Mayer Hillman, the author of the book, was so passionate that
he advocated carbon rationing to be imposed on the population
in order to avert climate catastrophe by the end of this century,
if not before. He argued that the population of Britain was
prepared to endure food rationing to see it through World
War II, and we are now in just as acute an emergency as we
were between 1939 and 1945. Now the emergency is about the
onset of global warming and climate change, cited by Sir John
Houghton as "a weapon of mass destruction", and
by the UK government's chief scientist as a "more serious
threat to world security than terrorism".
Michael Meacher, the former UK Minister for
the Environment, was equally as passionate when it came to
making his presentation, but he brought to the debate his
political instinct to induce and persuade the population to
reduce its carbon emissions through "carbon entitlements"

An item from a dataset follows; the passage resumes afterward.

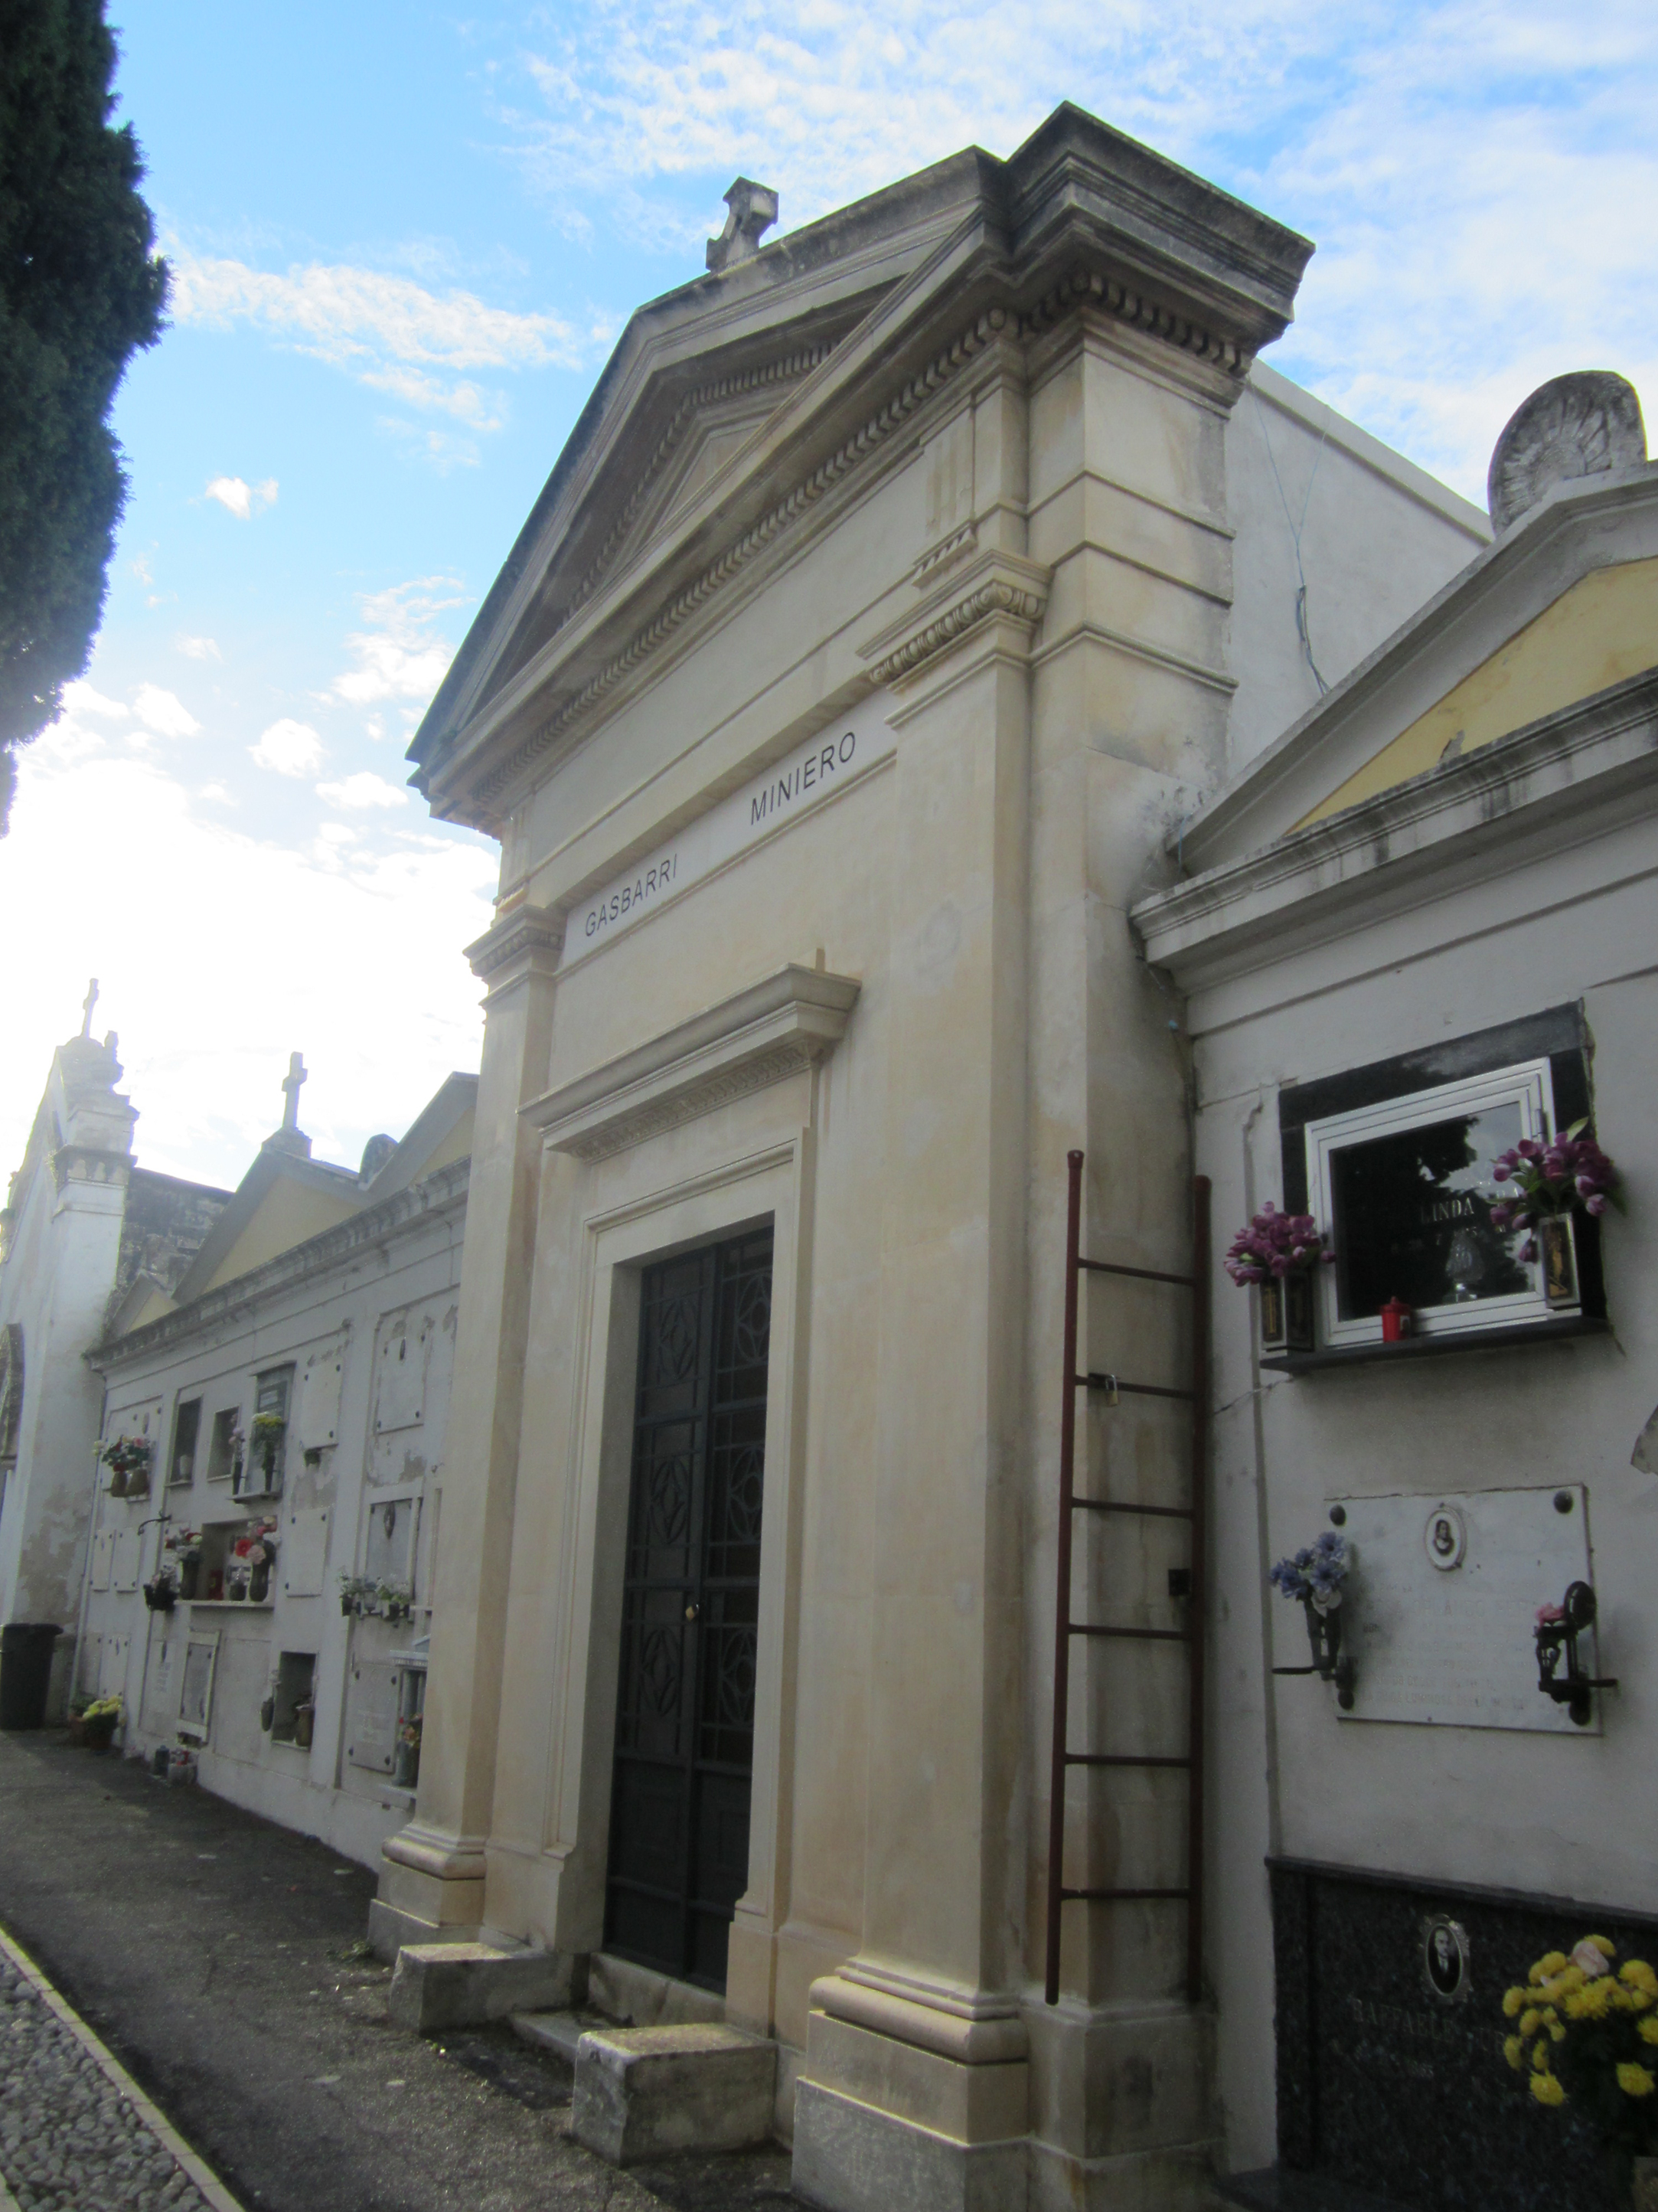 Cappella cimiteriale GASBARRI MINIERO (cimitero, monumentale) - Chieti (CH) 
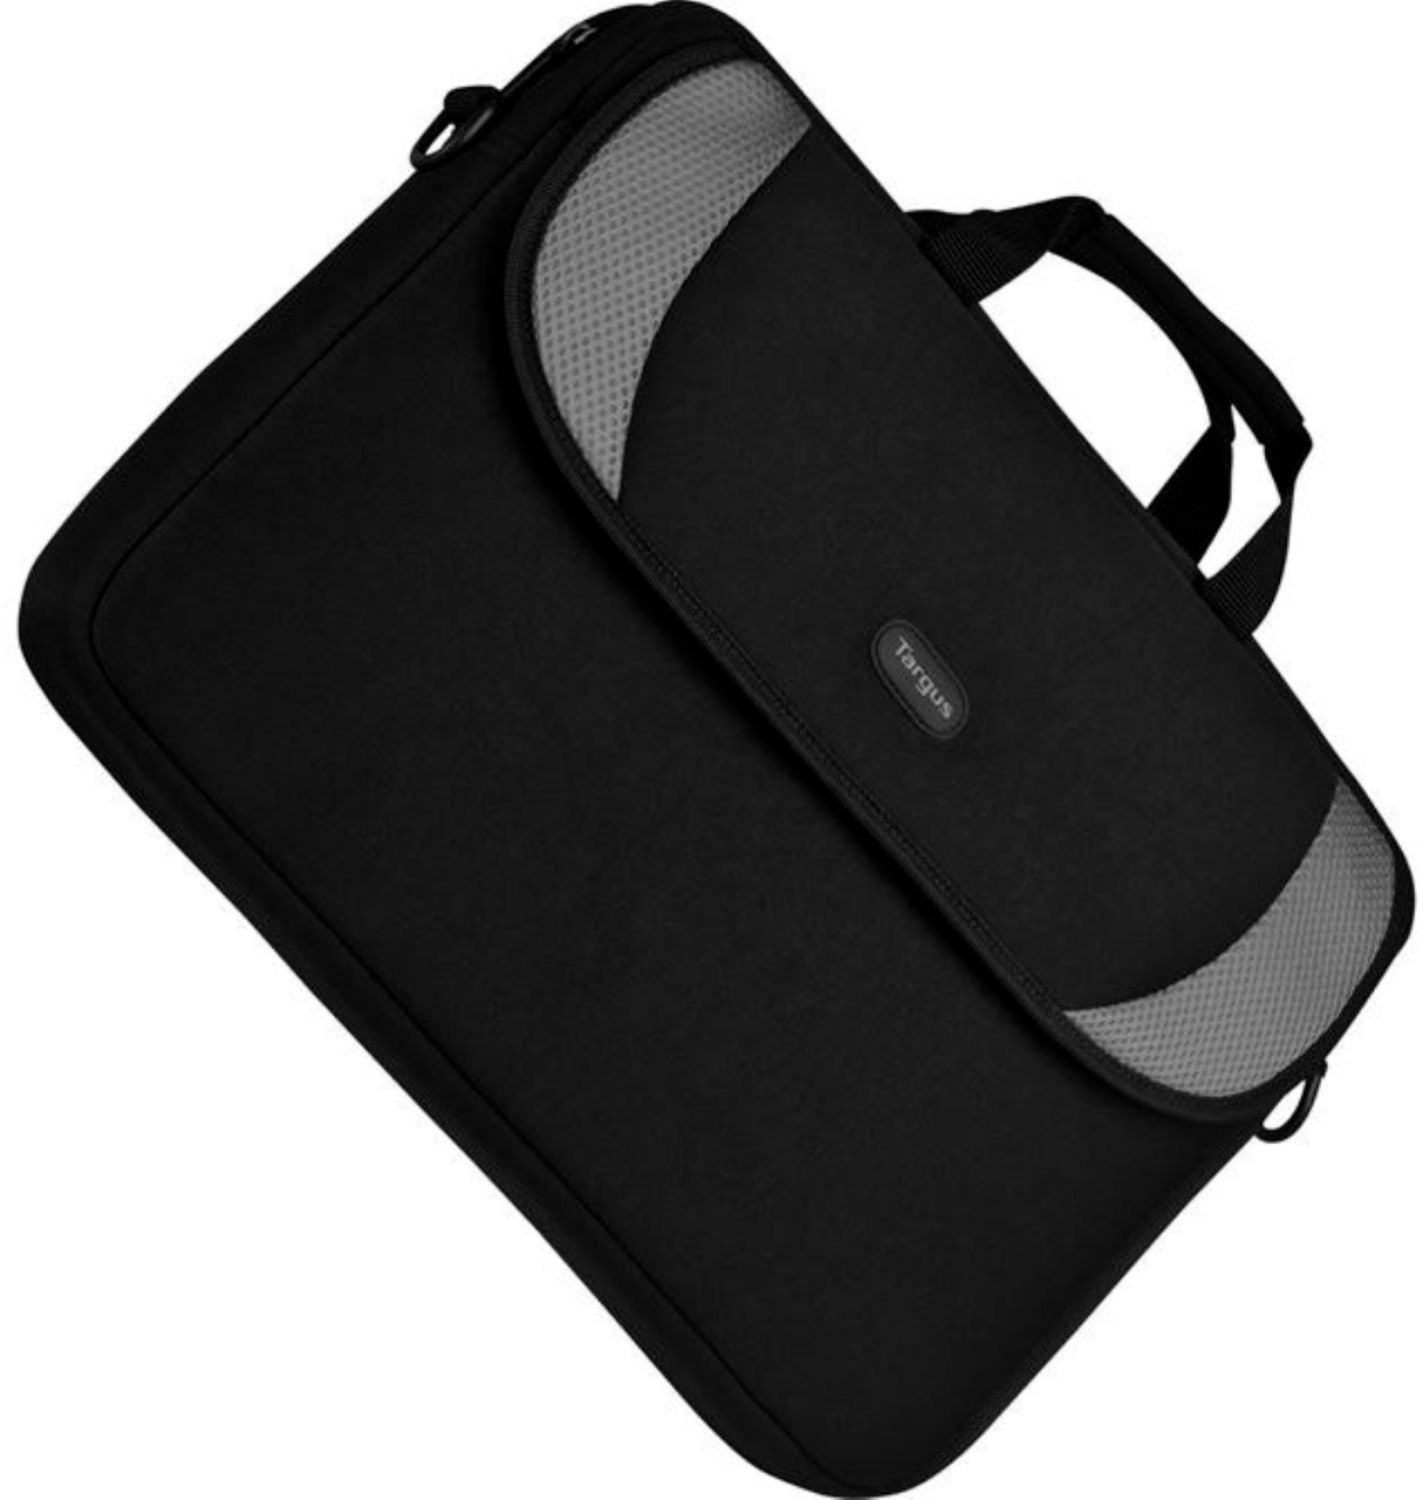 Black/Gray Targus CVR200 16-Inch Neoprene Sleeve Designed for Notebooks

rather than "rationing". Ambassador Estrada of Argentina,
who came to world attention for forcing countries, as chairperson,
to agree the Kyoto protocol at the very last moments of the
convention in 1997, was also present at this event. He said
he views his role as attempting "to seduce rather than
enforce other parties". He is clearly a very patient
person, for he said it took the United States 47 years from
1948 to 1995 to agree to participate in a multilateral global
organisation on trade.
Although the analogy with wartime rationing has been made
before, the advocacy of compulsion with or without prior agreement
is unusual. Admittedly rules, that are devised in order to
implement agreements, result in compelling parties to abide
by them for agreements to be effective, but I do not regard
such actions to be forceful by nature. Were countries to be
faced with sudden, unpredictable climatic crises, then autocratic
measures could be imposed on populations in ways which are
indeed parallel to the Homeland Security Act in the USA and
on the horizon in the UK, in order to counter perceived terrorism.
It is in everyone's interests that countries are not panicked
into such action through continuing to be as woefully unprepared
for the onset of climate change as they clearly are at present.
In the meantime, effectively all current efforts to avert
climate catastrophe are by persuasion - as exemplified by
the contributions of Michael Meacher and Ambassador Estrada
which have just been mentioned.
This Boiling Point
issue advances the proposition that dictatorial force should
be avoided at all costs, that persuasion alone is not working
and that enlightened self-interest provides the only durable
solution to saving the planet from calamitous global warming
and climate change.
This is an ambitious undertaking, and both column
length and eyestrain for viewers prevents this from being
more than just a start. First an overview of the different
forms that persuasion takes will be attempted, and then some
ideas on the potential contribution of a more enlightened
approach.
The most familiar form of persuasion is warning to take action
on the basis of scientific evidence, as contained in reports
and publicised in parts of the media. We have used it ourselves
in letters to the press and in issues of Boiling Point, most
notably to refute the efforts of the self-proclaimed 'skeptical
environmentalist' Bjorn Lomborg to downplay the dangers of
climate change (see September 2001 - Denial, Justification
and Deception about Climate Change). However, despite increasingly
alarming reports confirming the onset of dangerous climate
change in recent months, there has been rhetoric but very
little increased activity in order to respond to them [1].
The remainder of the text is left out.